Look through the entries below for the line with "graph of Atlas detector data" and the line with "Quadro de pinos", then give again exactly those two lines and all lines between them, minus the pictures.

→ **Records provided**
╭──
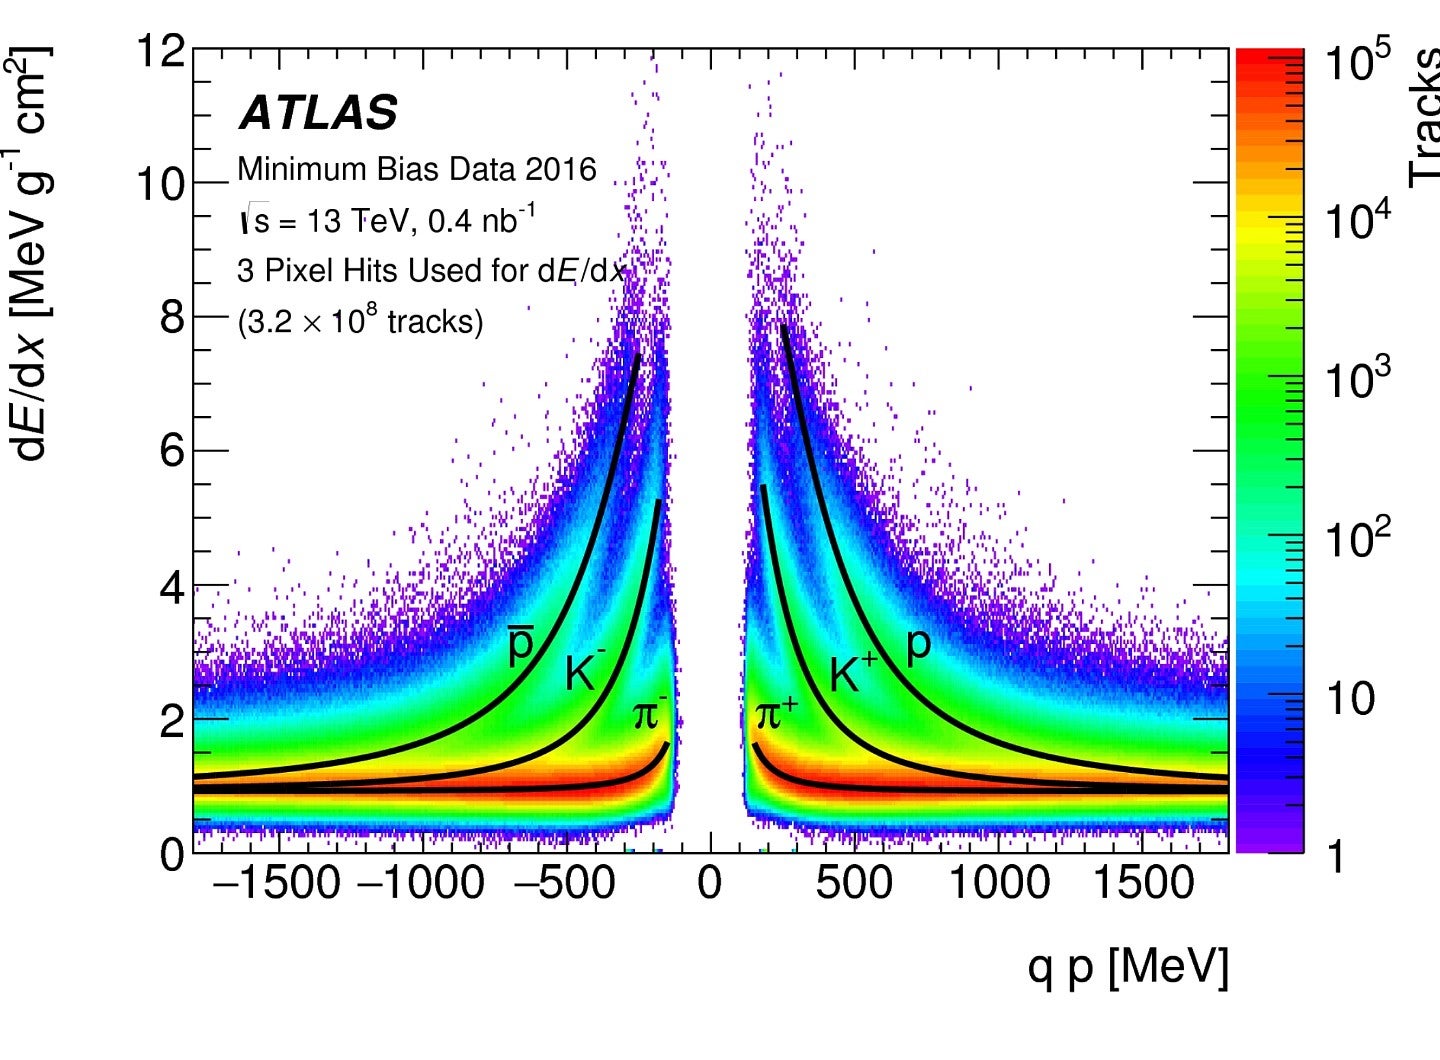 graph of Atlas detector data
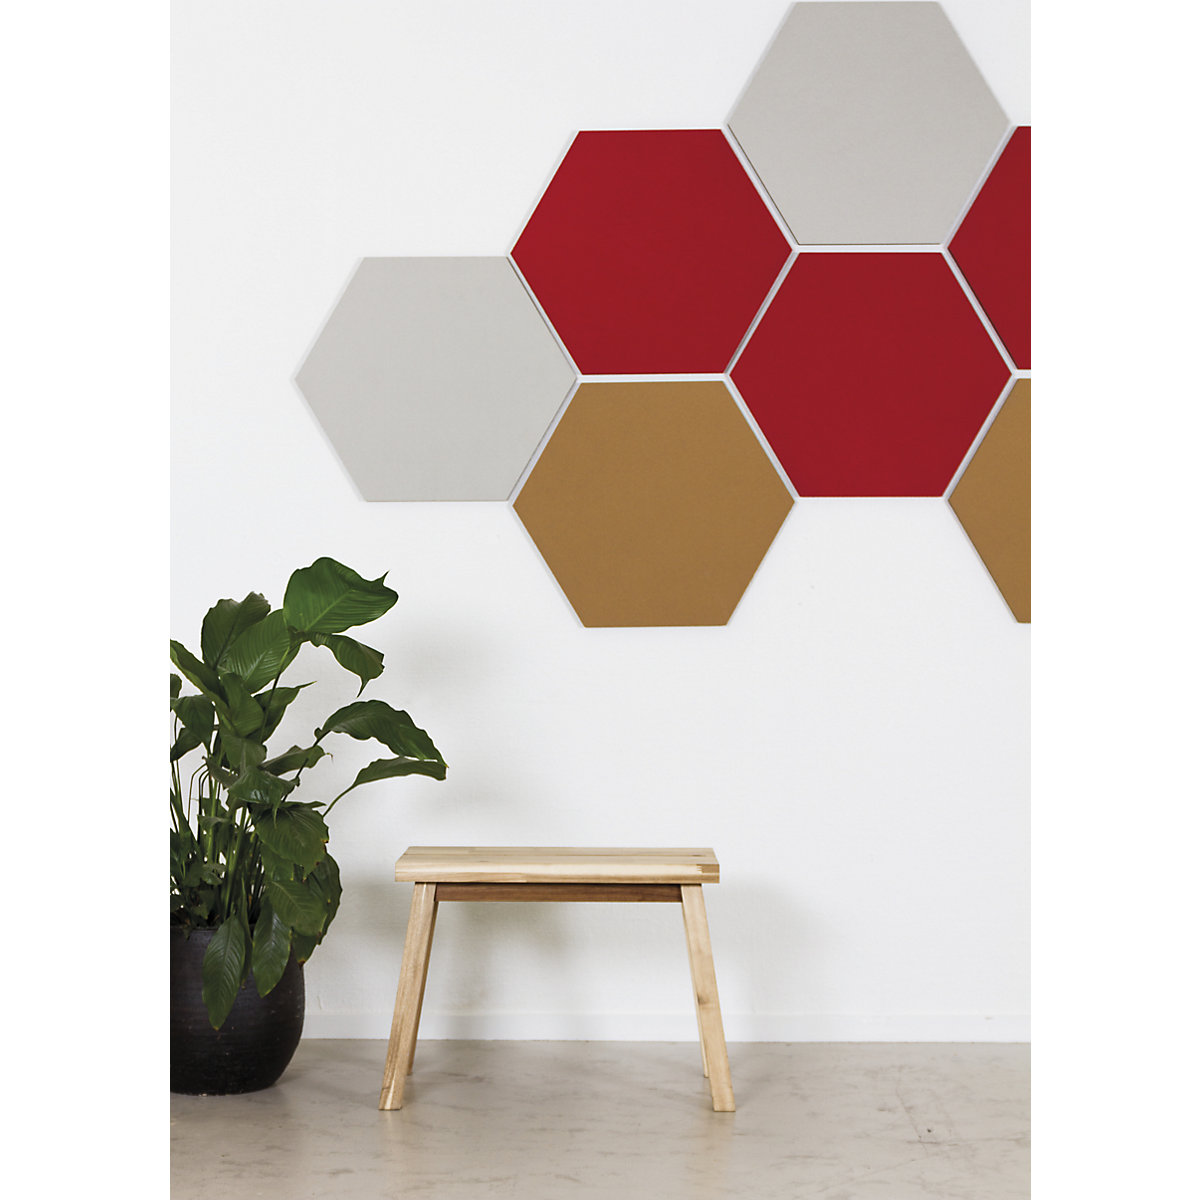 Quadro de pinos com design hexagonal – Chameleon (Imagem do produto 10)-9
╰──
╭──
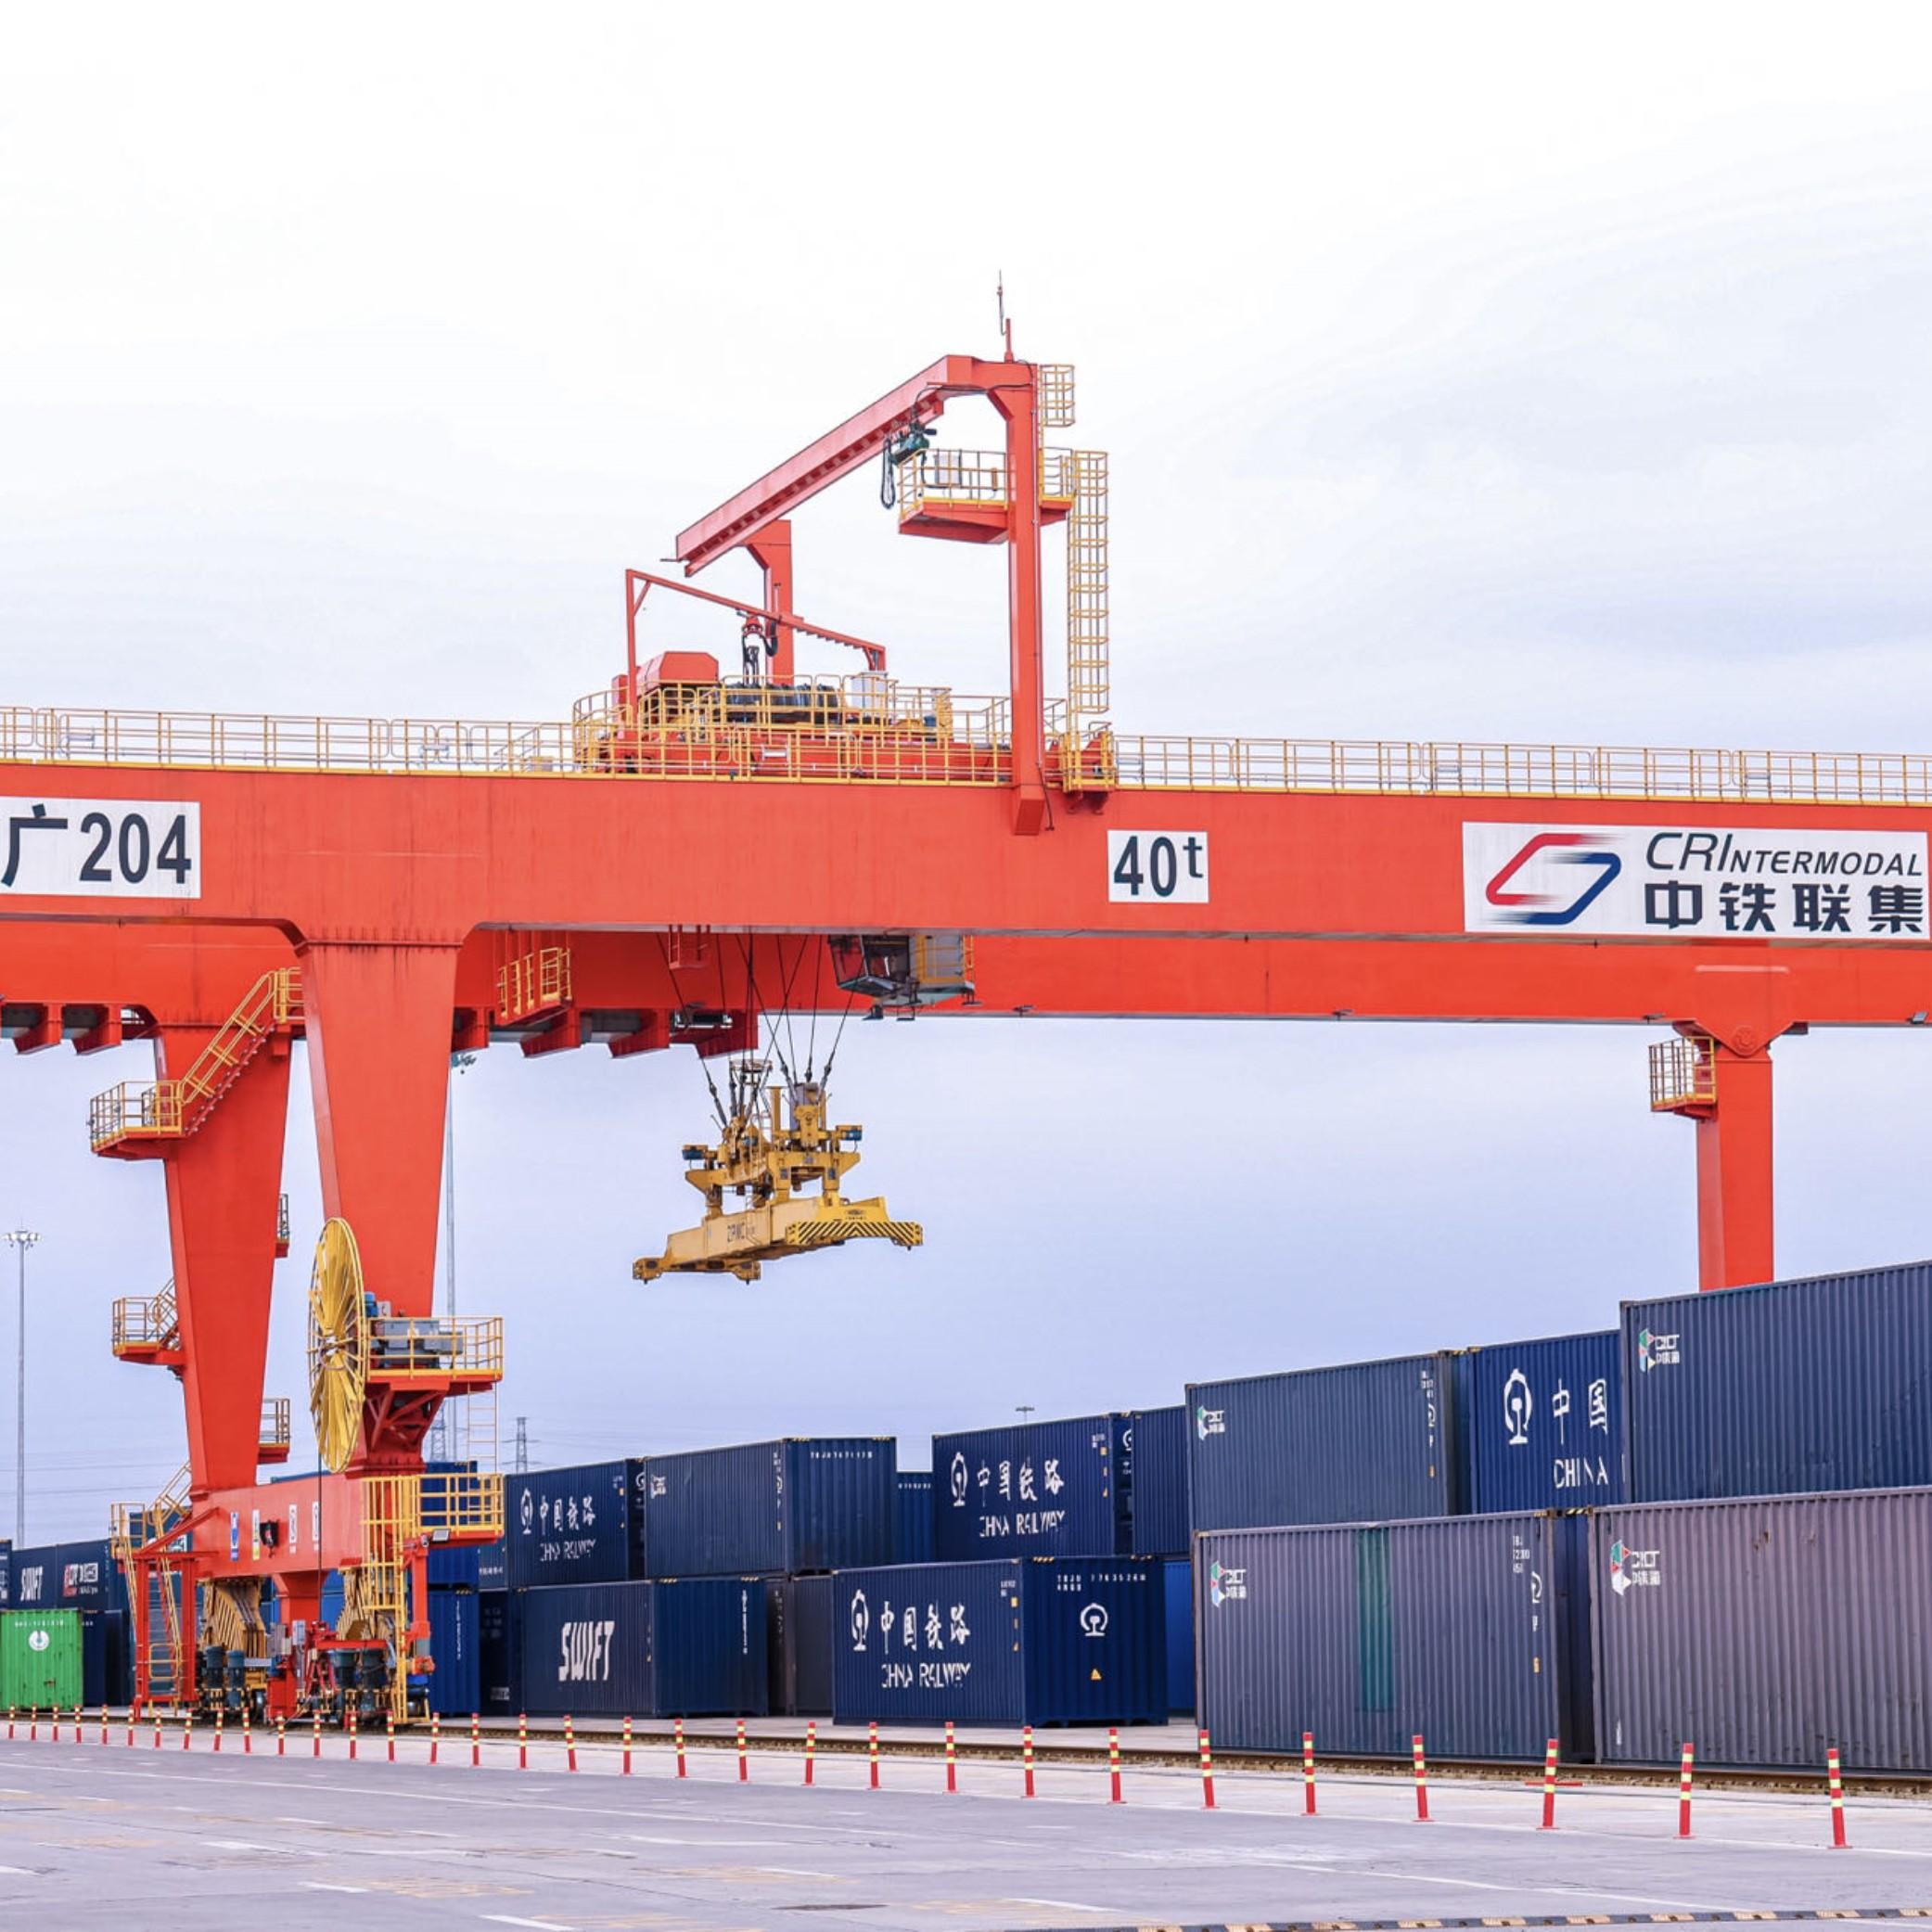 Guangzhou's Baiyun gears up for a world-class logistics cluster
╰──
→ **Finished task**
 graph of Atlas detector data
 Quadro de pinos com design hexagonal – Chameleon (Imagem do produto 10)-9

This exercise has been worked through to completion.